= Colorado Water Quality Control Division =

U.S. state government agency

The Colorado Water Quality Control Division is part of the Colorado Department of Public Health and Environment. The Water Quality Control Division implements the federal Clean Water Act and Safe Drinking Water Act in Colorado. It is responsible for water control for the state of Colorado to ensure the protection of both the environment and the public. The division enforces these laws through methods such as implementing local laws and regulations, permits, and routine inspections of public water systems and facilities.

== Focus ==
The Colorado Water Quality Control Division focuses on water quality for the State of Colorado. Its objective is to protect and maintain the quality of water for the public and the environment, as well as ensuring the safest distribution of drinking water. It also implements and enforces policies based on water-related issues. A list of all current and non-current policies can be found here.
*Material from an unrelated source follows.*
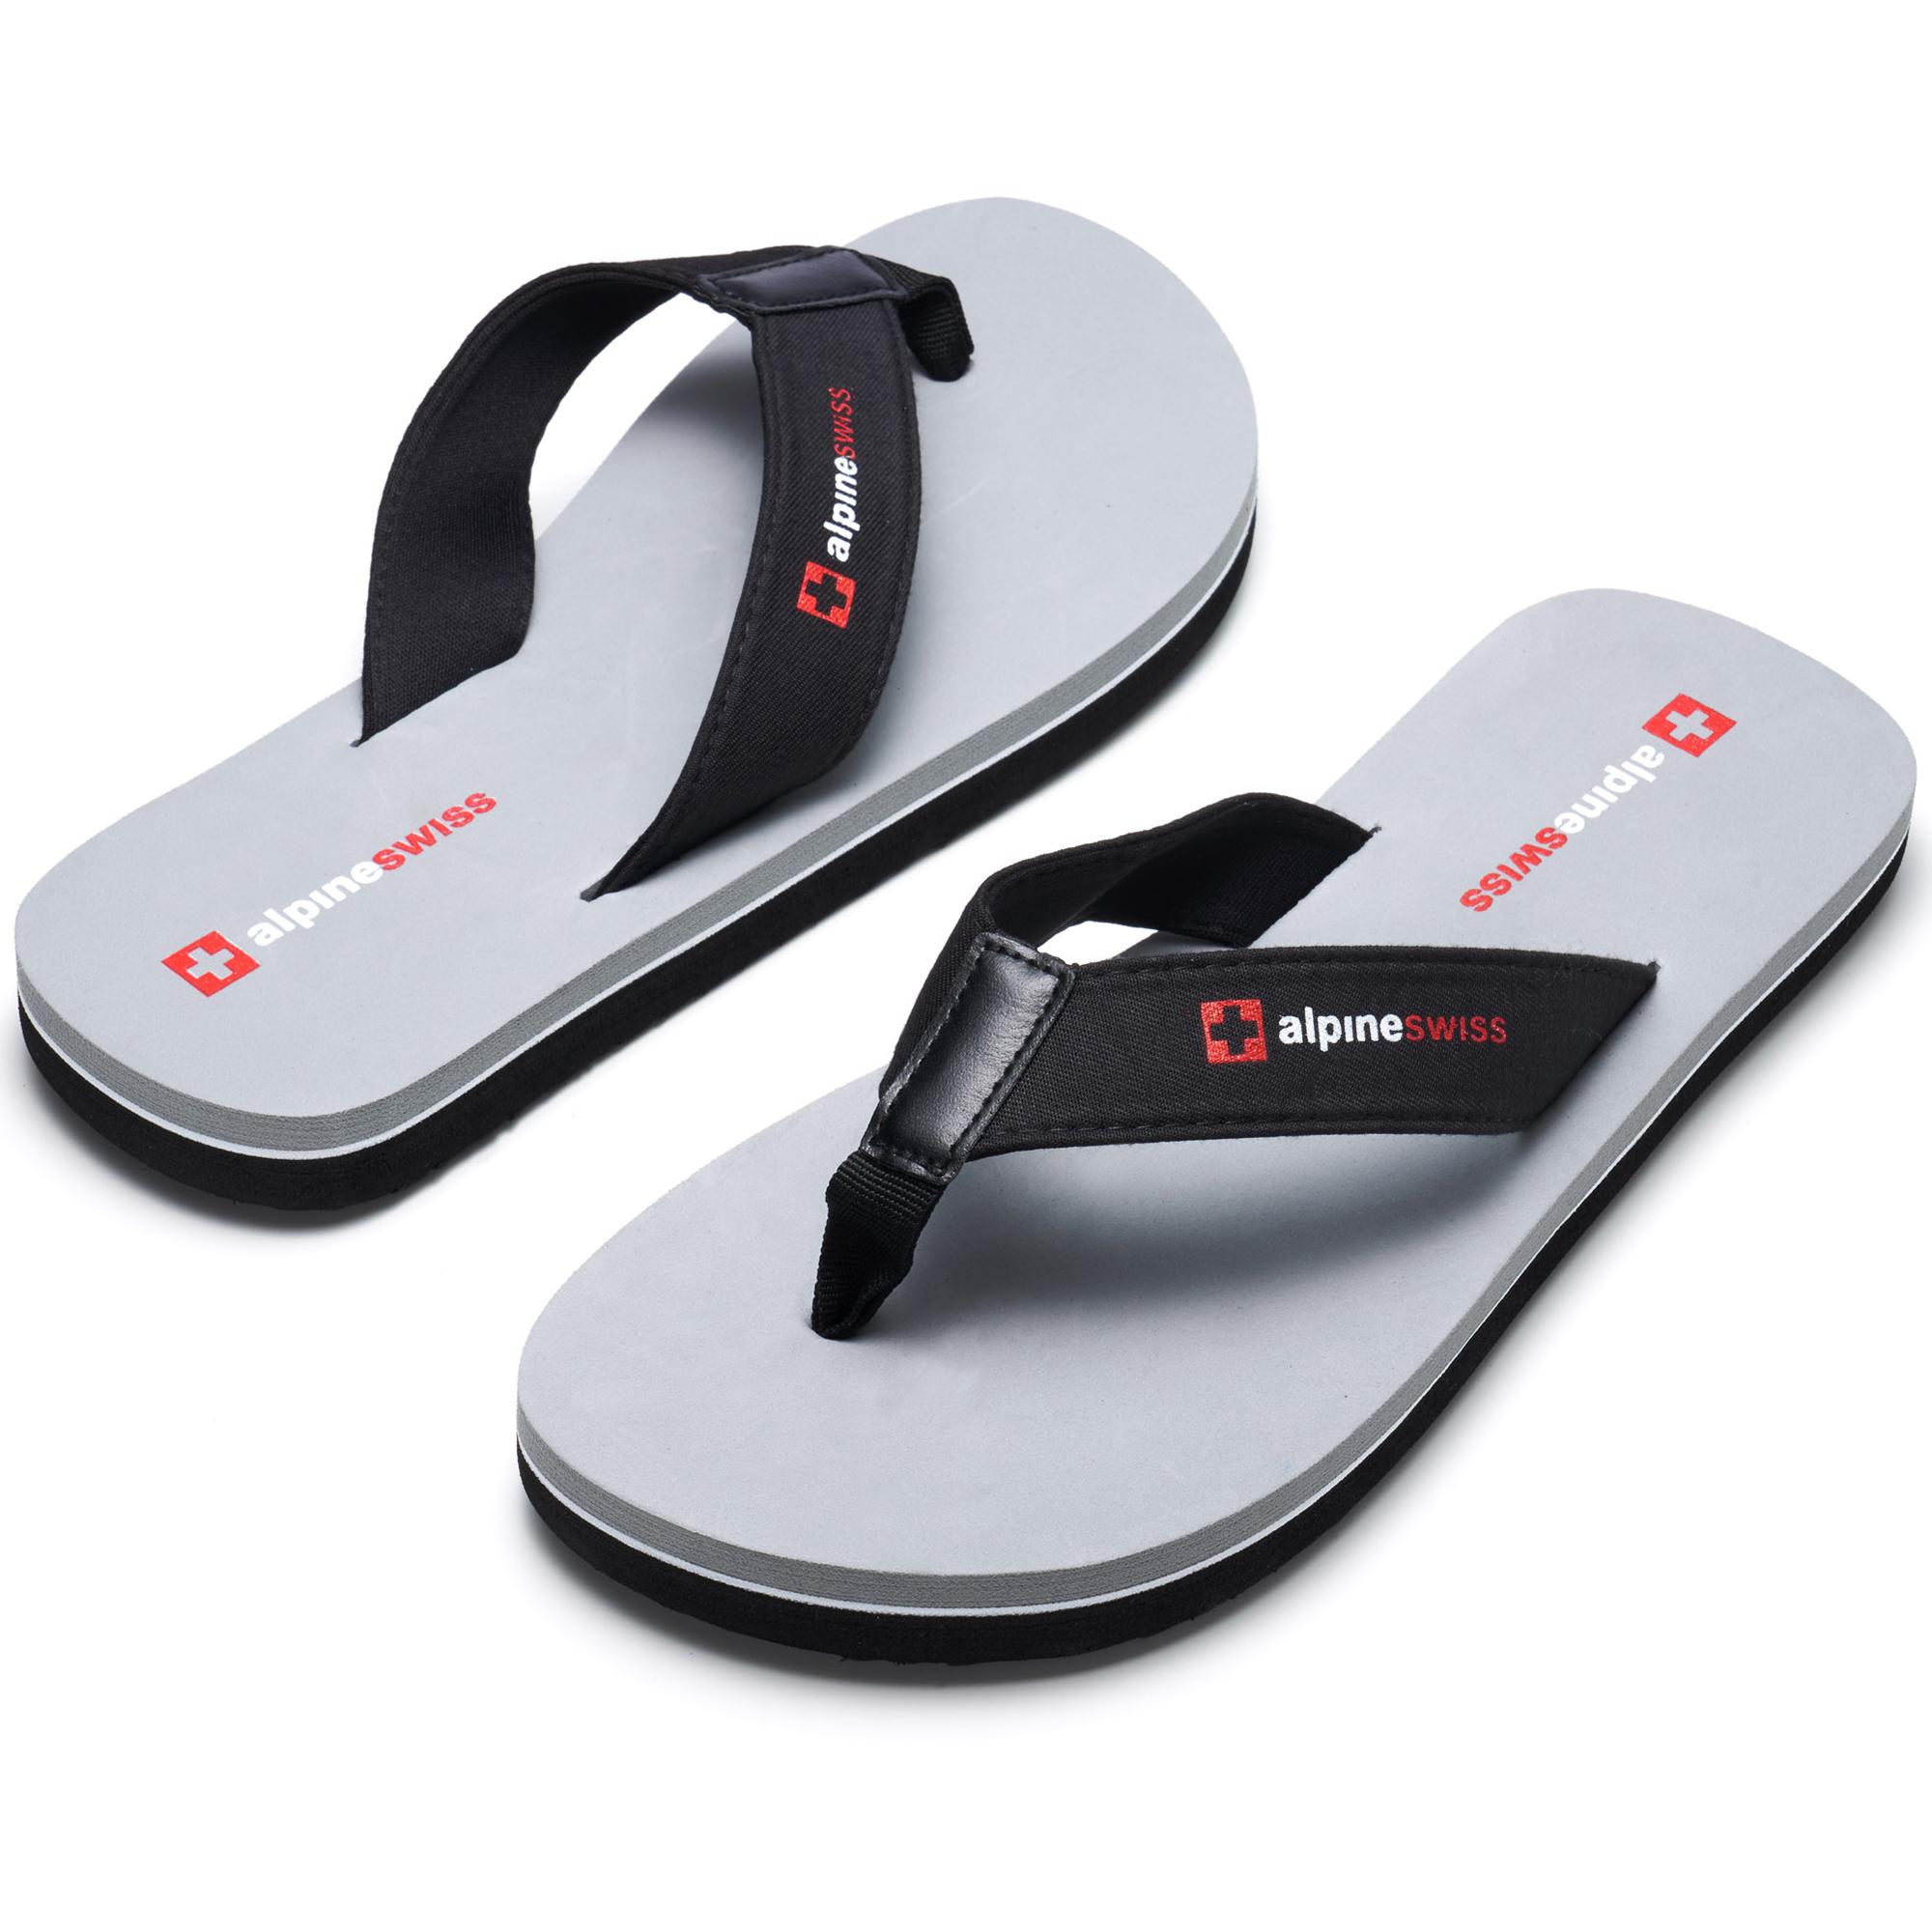 thumbnail 26 - Alpine Swiss Mens Flip Flops Beach Sandals Lightweight EVA Sole Comfort Thongs

== Programs and Services ==

=== Source Water Assessment and Protection Program ===
One program is the Source Water Assessment and Protection Program, which provides information about the process of purifying and the phases in which water is purified. It encourages public protection and preventive management strategies to ensure that all public drinking water resources are kept safe from future contamination. The program gives a report on water sources across Colorado, giving a detailed report on their conditions. The Water Assessment phase evaluates water sources, scanning for potential water contamination. A list of assessment reports by counties are listed .

=== Permits ===
The division also hands out permits for working in wastewater and stormwater areas. Permits are offered for each sector, which details the planning and regulations in each of those sectors. The types of permits offered are as follows:Biosolids, Construction, Commerce and Industry, Municipal Stormwater Permitting, Pesticide Permitting, Pretreatment, Reclaimed Water, and Sewage Systems.

=== Inspections ===
Inspections are carried out by the Water Quality Control Division, which focuses on ensuring the quality of public water systems across Colorado. There are two types of surveys.

==== Sanitary Survey ====
Sanitary Surveys are reviews of specific elements at a public water system to evaluate a facility's ability to produce and distribute drinking water. These surveys are required to be done every three to five years for all public water systems. The inspection letter details any significant violations and deficiencies in the public water system, along with general observations and recommendations to improve the system.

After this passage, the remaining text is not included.